Your objective> Reproduce exactly, leaving out pictures, each line from the one holding "La Asamblea Nacional" through the final line of the listing, and add nothing.

Information provided>
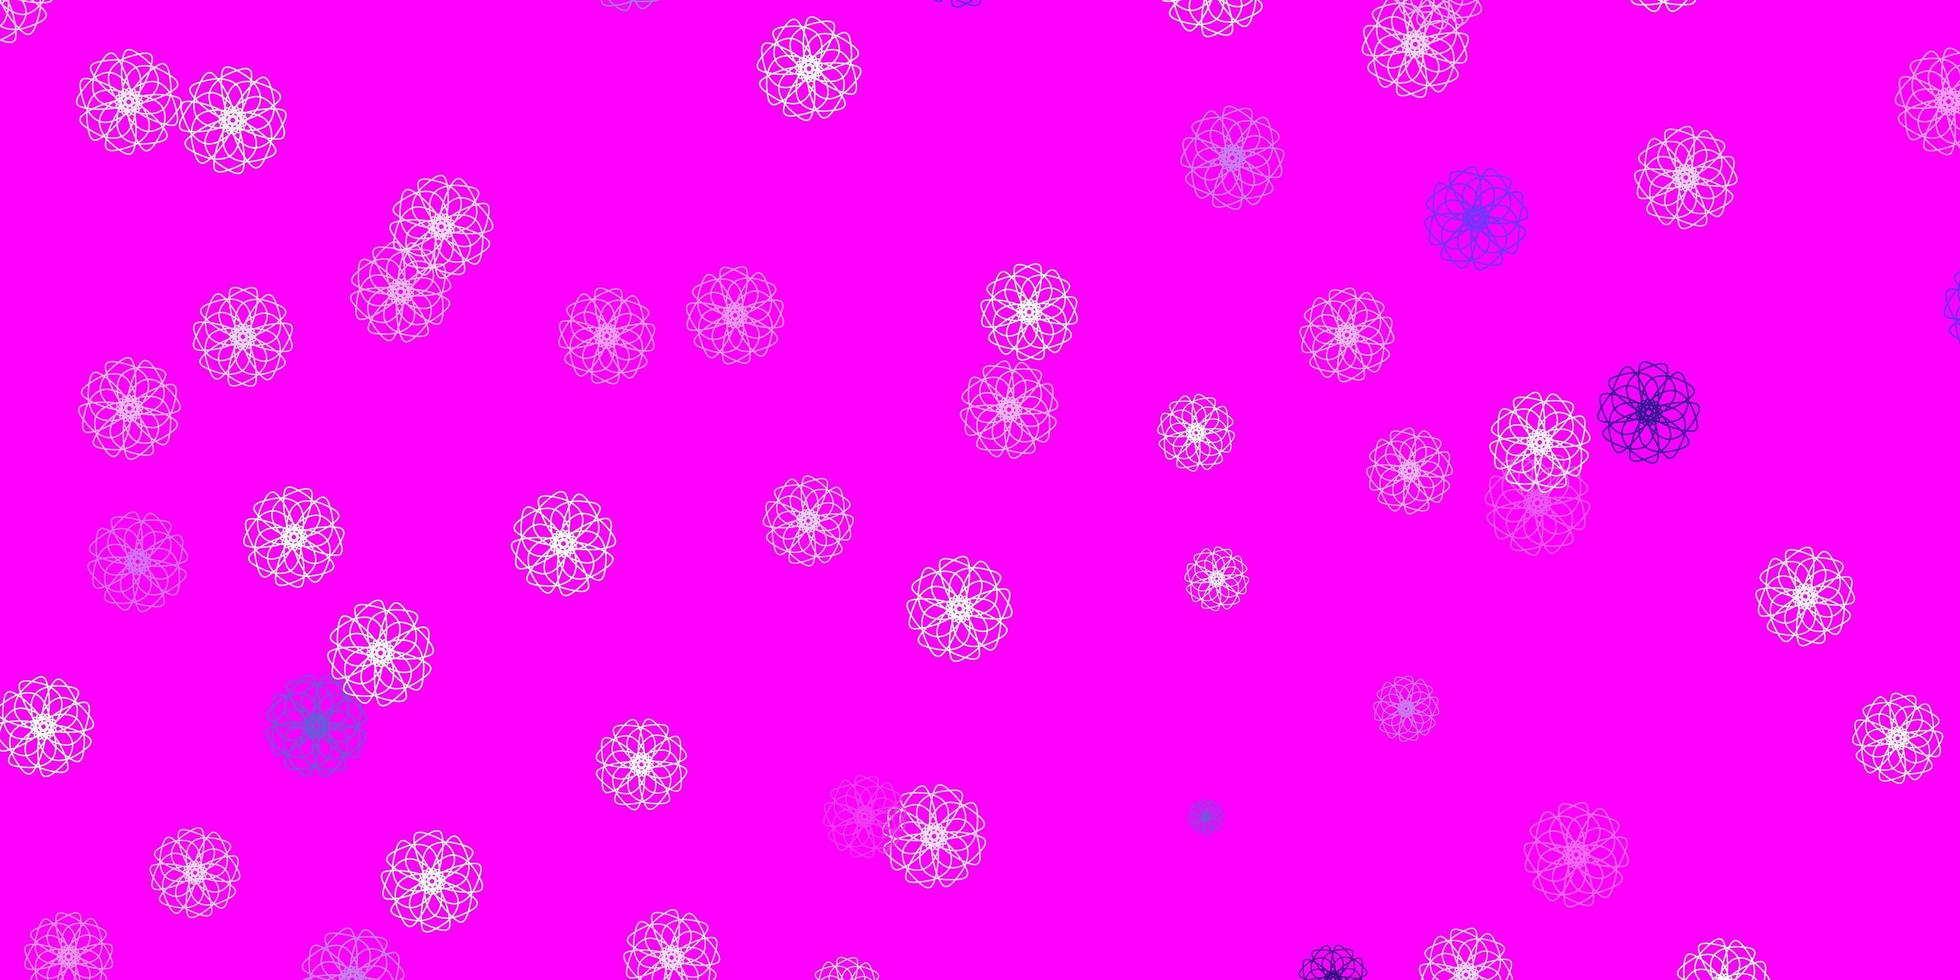 struttura di doodle di vettore viola chiaro, rosa con fiori.
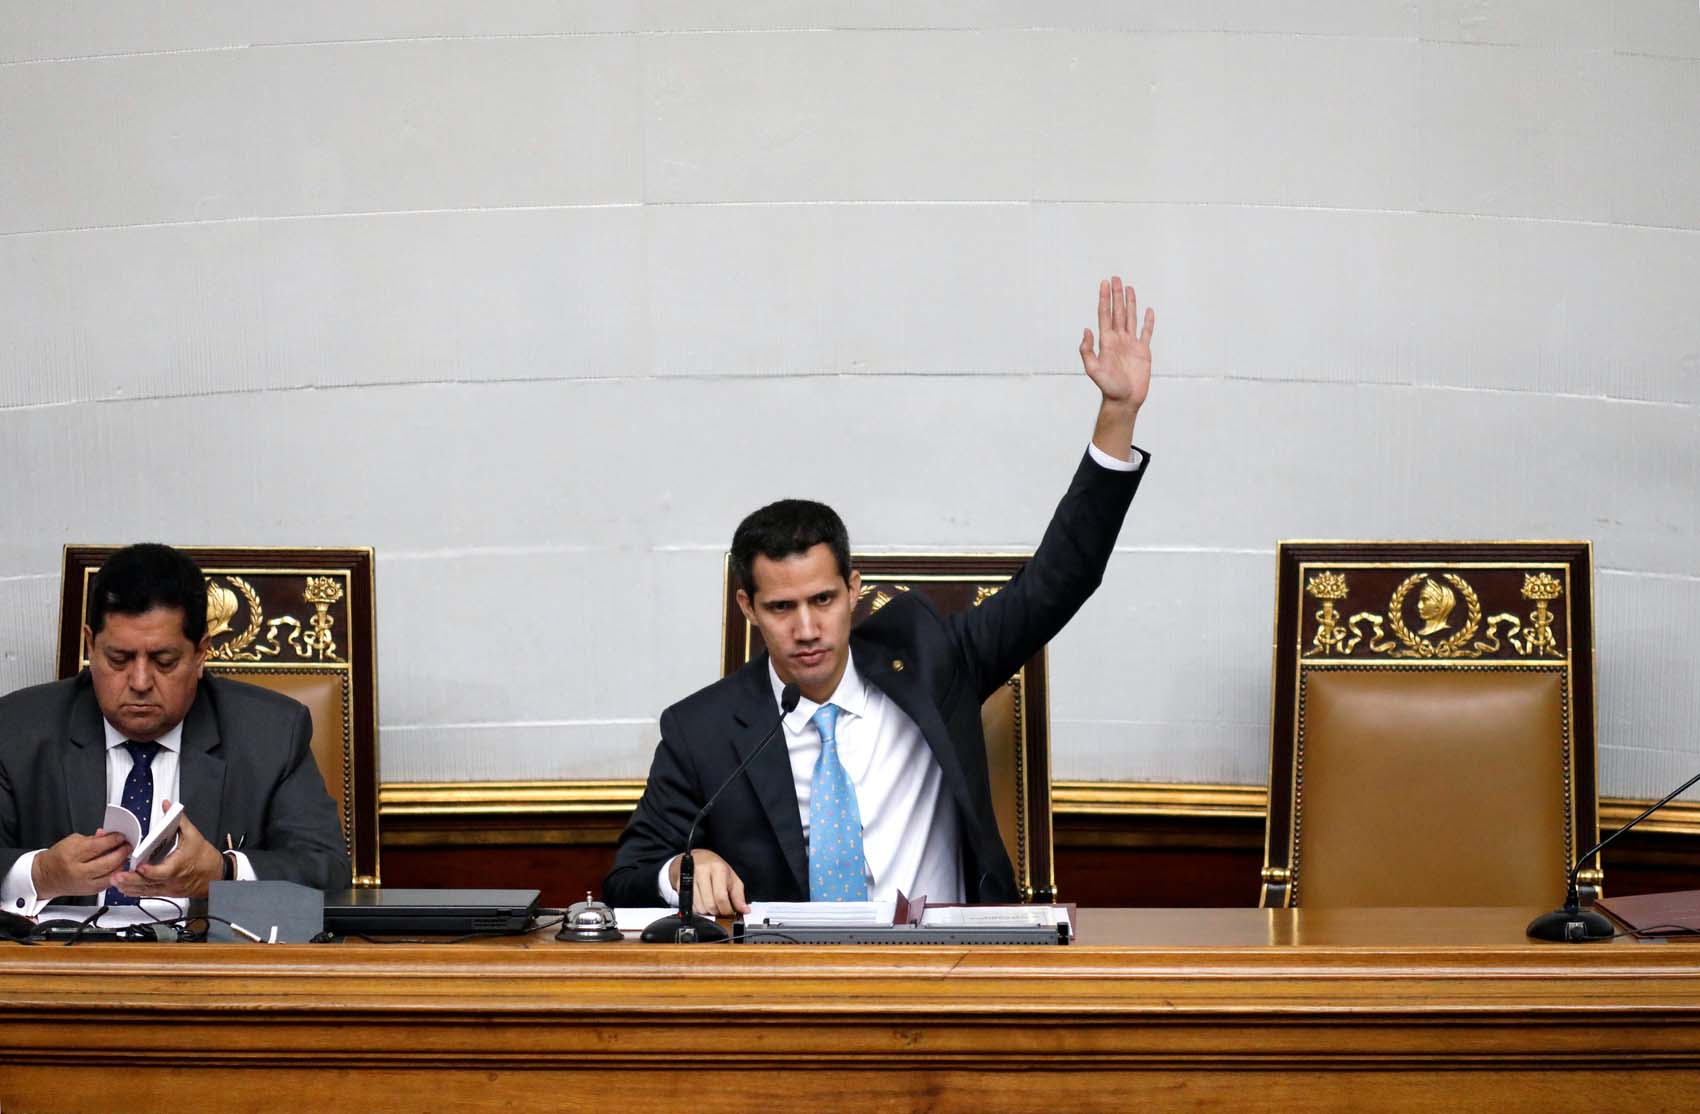 La Asamblea Nacional considera pedir a varios países que congelen cuentas del régimen de Maduro
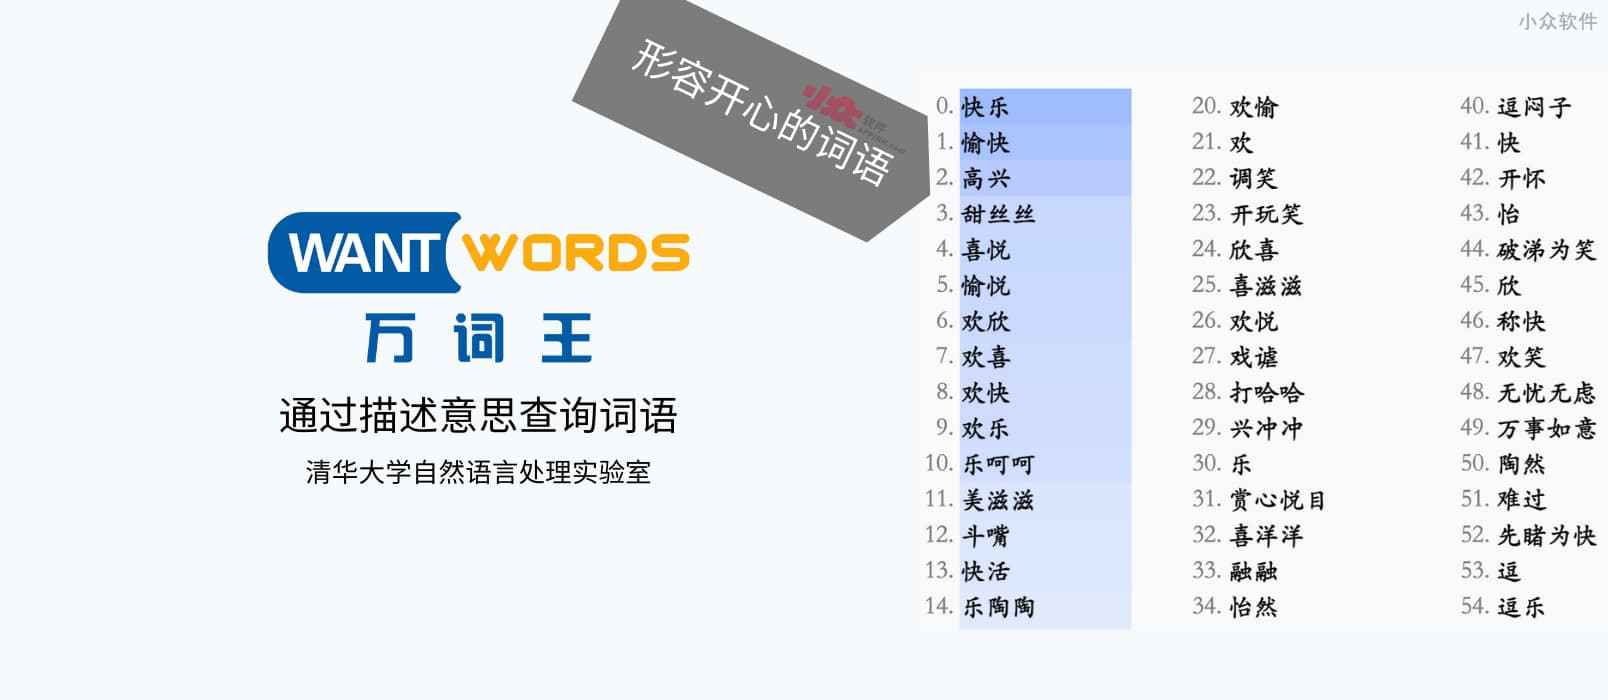 万词王 - 清华大学发布开源在线反向词典，通过描述意思来查询 100 个近义词

Your solution>
 La Asamblea Nacional considera pedir a varios países que congelen cuentas del régimen de Maduro
 万词王 - 清华大学发布开源在线反向词典，通过描述意思来查询 100 个近义词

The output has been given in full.